Parallel processing

oomph-lib is designed so that, provided the library is compiled with MPI support, discussed below in Basic parallel usage, many of the most computationally-expensive phases of a typical computation are automatically performed in parallel. Examples of "automatically parallelised" tasks include

The only parallel task that requires user intervention is the distribution of a problem over multiple processors so that each processor stores a subset of the elements. For straightforward problems, a single call to Problem::distribute() suffices. Furthermore, the majority of oomph-lib's multi-physics helper functions ( e.g. the automatic setup of the fluid load on solid elements in FSI problems; the determination of "source elements" in multi-field problems; etc) can be used in distributed problems. For less-straightforward problems, the user may have to intervene in the distribution process and/or be aware of the consequences of the distribution. Hence, the section Distribution of problems by domain decomposition provides an overview of the underlying design used for problem distribution within oomph-lib. A number of demo driver codes for distributed problems are provided and any additional issues are discussed in the accompanying tutorials.

Basic parallel usage

How to build/install oomph-lib with MPI support

How to run a driver code in parallel

oomph-lib's parallel linear solvers

How to include parallel demo codes into the self-tests

Distribution of problems by domain decomposition

By default each processor stores the entire Problem object, which means that all data is available on all processors. As a result the size of the problem is limited by the smallest amount of memory available on any of the processors. In addition, the mesh adaptation does not benefit from parallel processing because each processor must adapt its own copy of the entire mesh, even though it operates on a subset of the elements when assembling the Jacobian matrix.

To address this problem, oomph-lib's domain decomposition procedures allow a Problem to be distributed over multiple processors so that each processor holds a fraction of the Problem's elements, which can lead to substantial reductions in memory usage per processor and allows the mesh adaptation to be performed in parallel.

Basic usage: How to distribute a simple problem

Overview of the implementation of Problem distribution

The main task of the Problem::distribute() function is to distribute the Problem's global mesh (possibly comprising multiple sub-meshes) amongst the processors so that (a) the storage requirements on each processor are reduced; (b) during the mesh adaptation each processor only acts on a fraction of the overall mesh; while ensuring that (c) communication between processors required to synchronise any shared data structures is minimised.

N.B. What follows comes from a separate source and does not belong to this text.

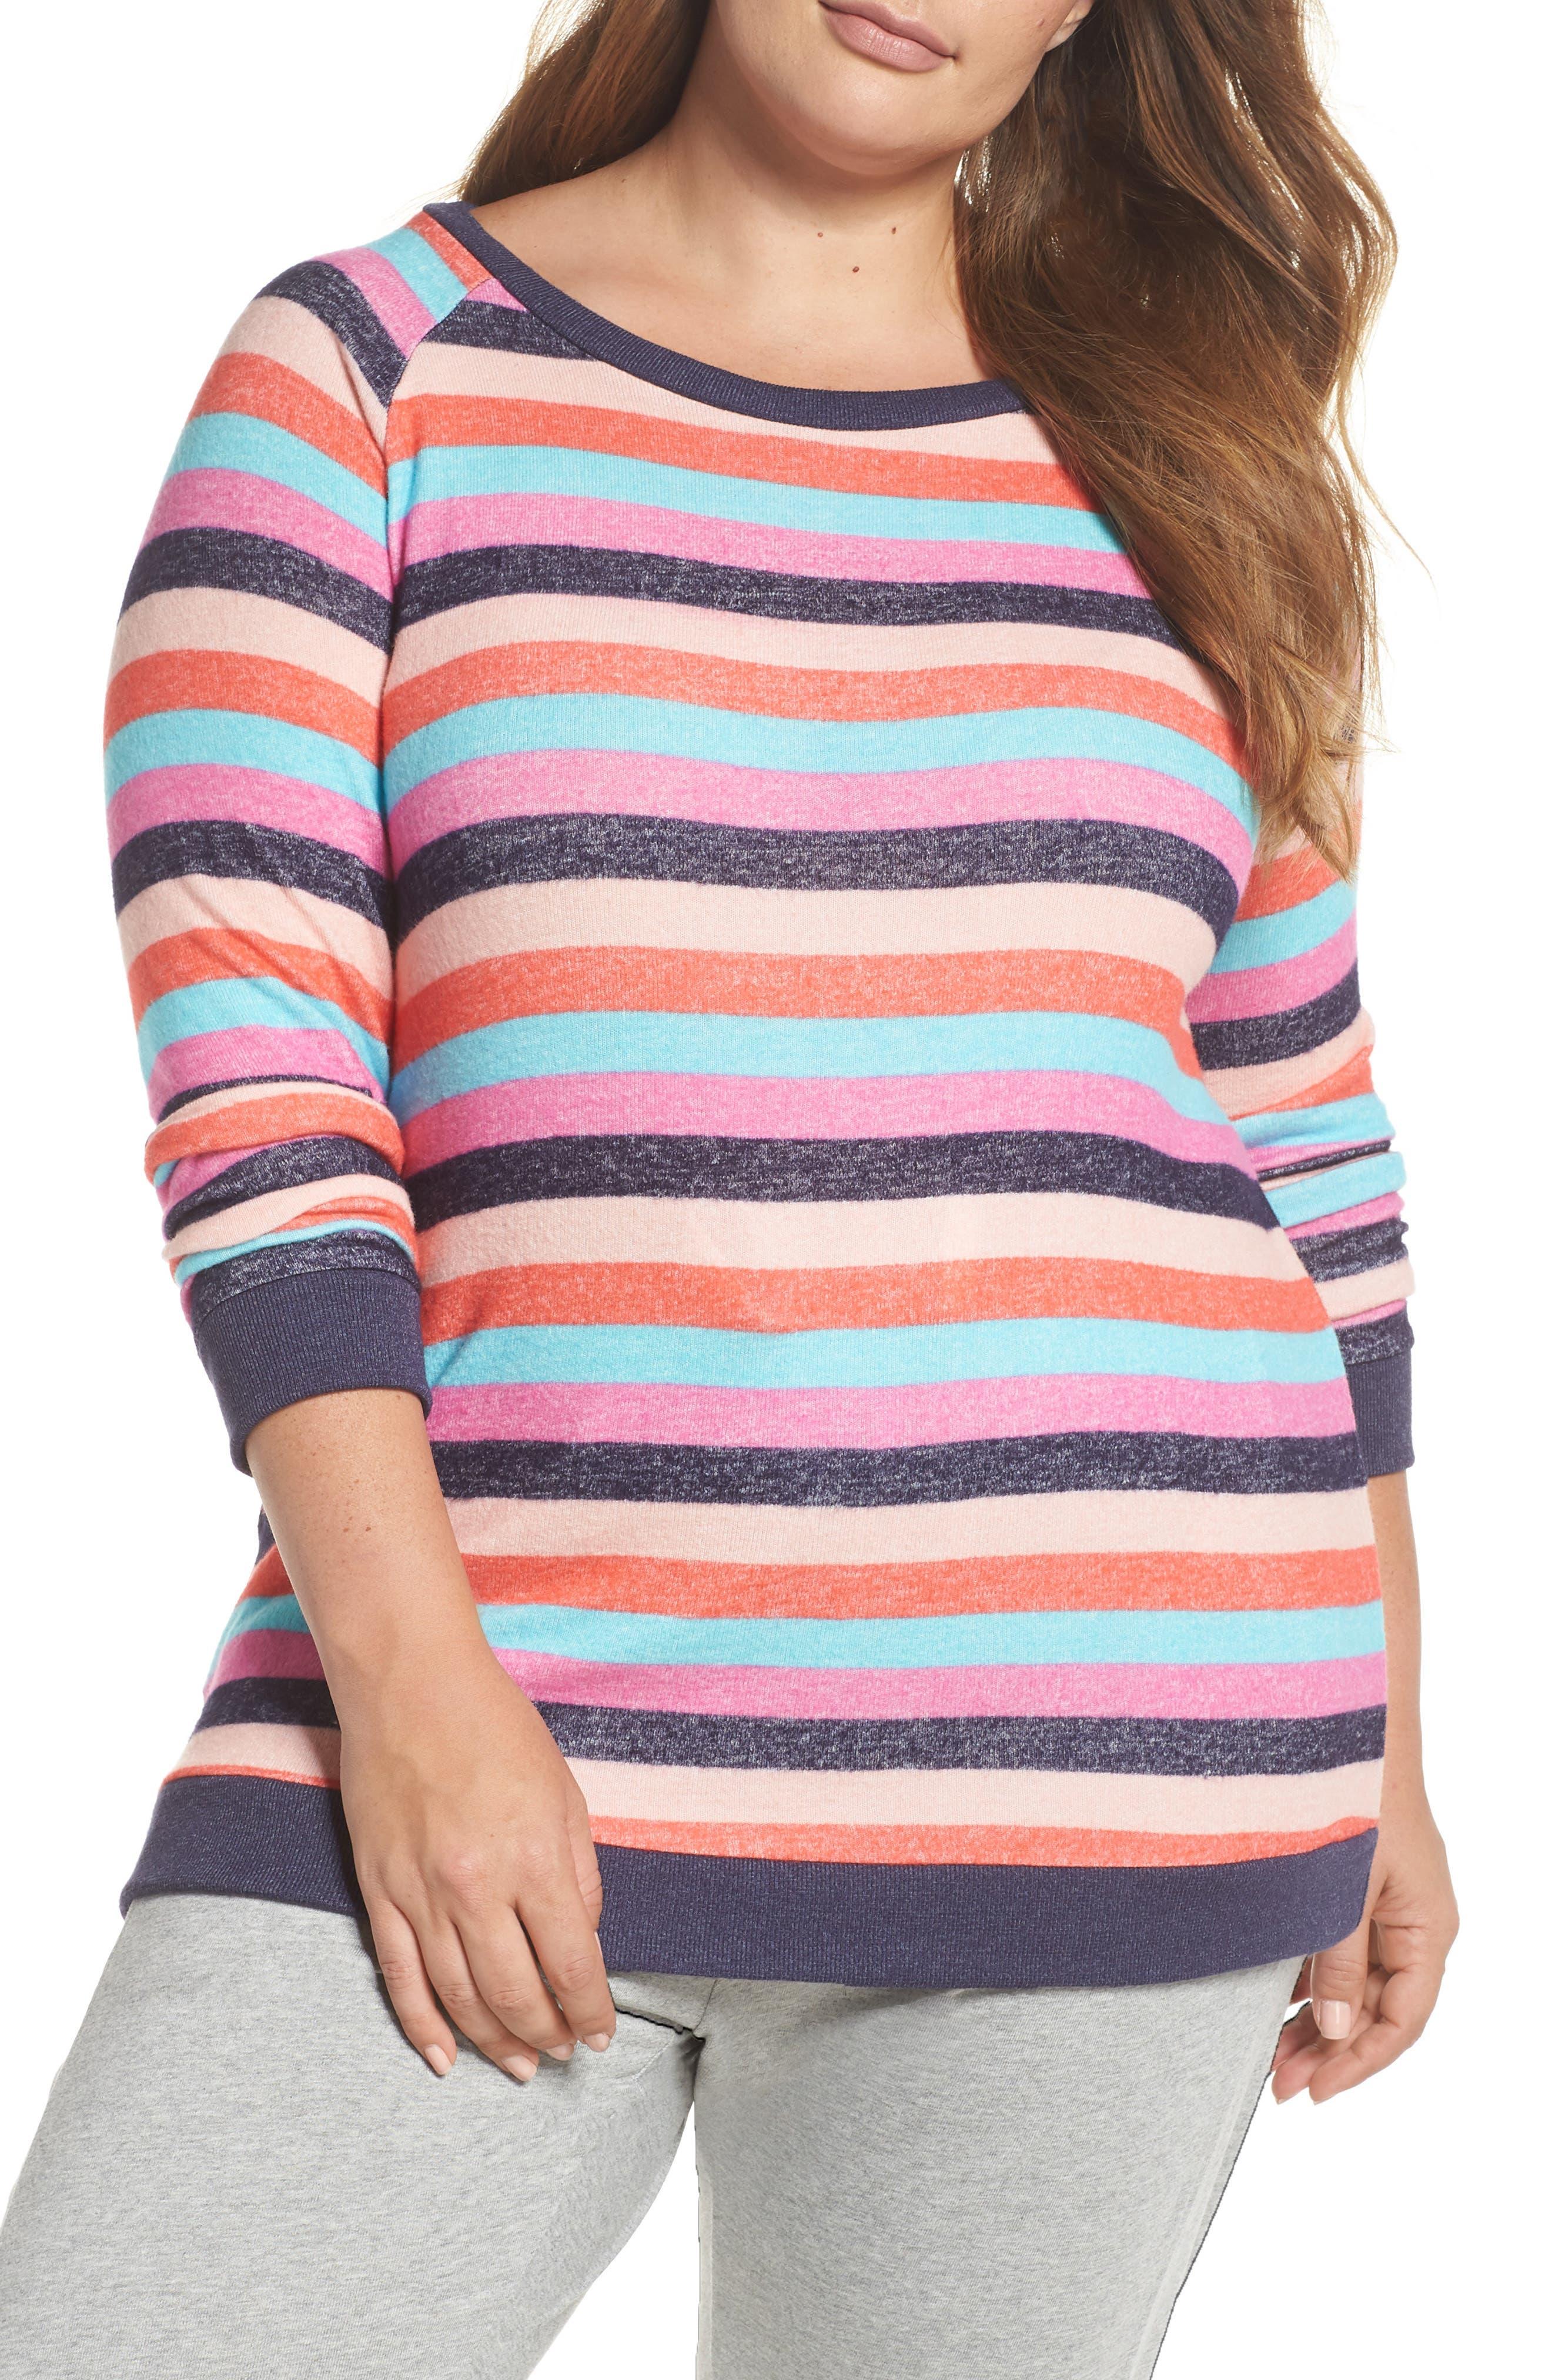 Cozy Crew Lounge Sweater,                             Main thumbnail 1, color,                             Navy Dusk Milli Multi Stripe

The figure below shows a conceptual sketch of the parallelisation strategy adopted. For simplicity, we shall restrict the discussion to the 2D case and ignore various complications that arise with more complicated mesh partitionings.

The initial distribution of a problem proceeds in two stages:

Sketch illustrating the phases of the parallel mesh adaptation procedure for a problem that is distributed over four processors. The columns illustrate the evolution of the mesh on each of the four processors. The colours of the objects indicate which processor is associated with them.

Aside from the initial refinement process, the functionality described above is implemented in a single function, Problem::distribute(). Following its execution on all processors, each processor can assemble its contribution to the distributed Jacobian matrix and residual vector, required by oomph-lib's parallel linear solvers, using only to locally stored non-halo objects. Once the Newton correction to the unknowns has been computed, each processor updates the unknowns associated with its elements and nodes, before MPI-based communication is employed to update the unknowns stored at the processors' halo nodes.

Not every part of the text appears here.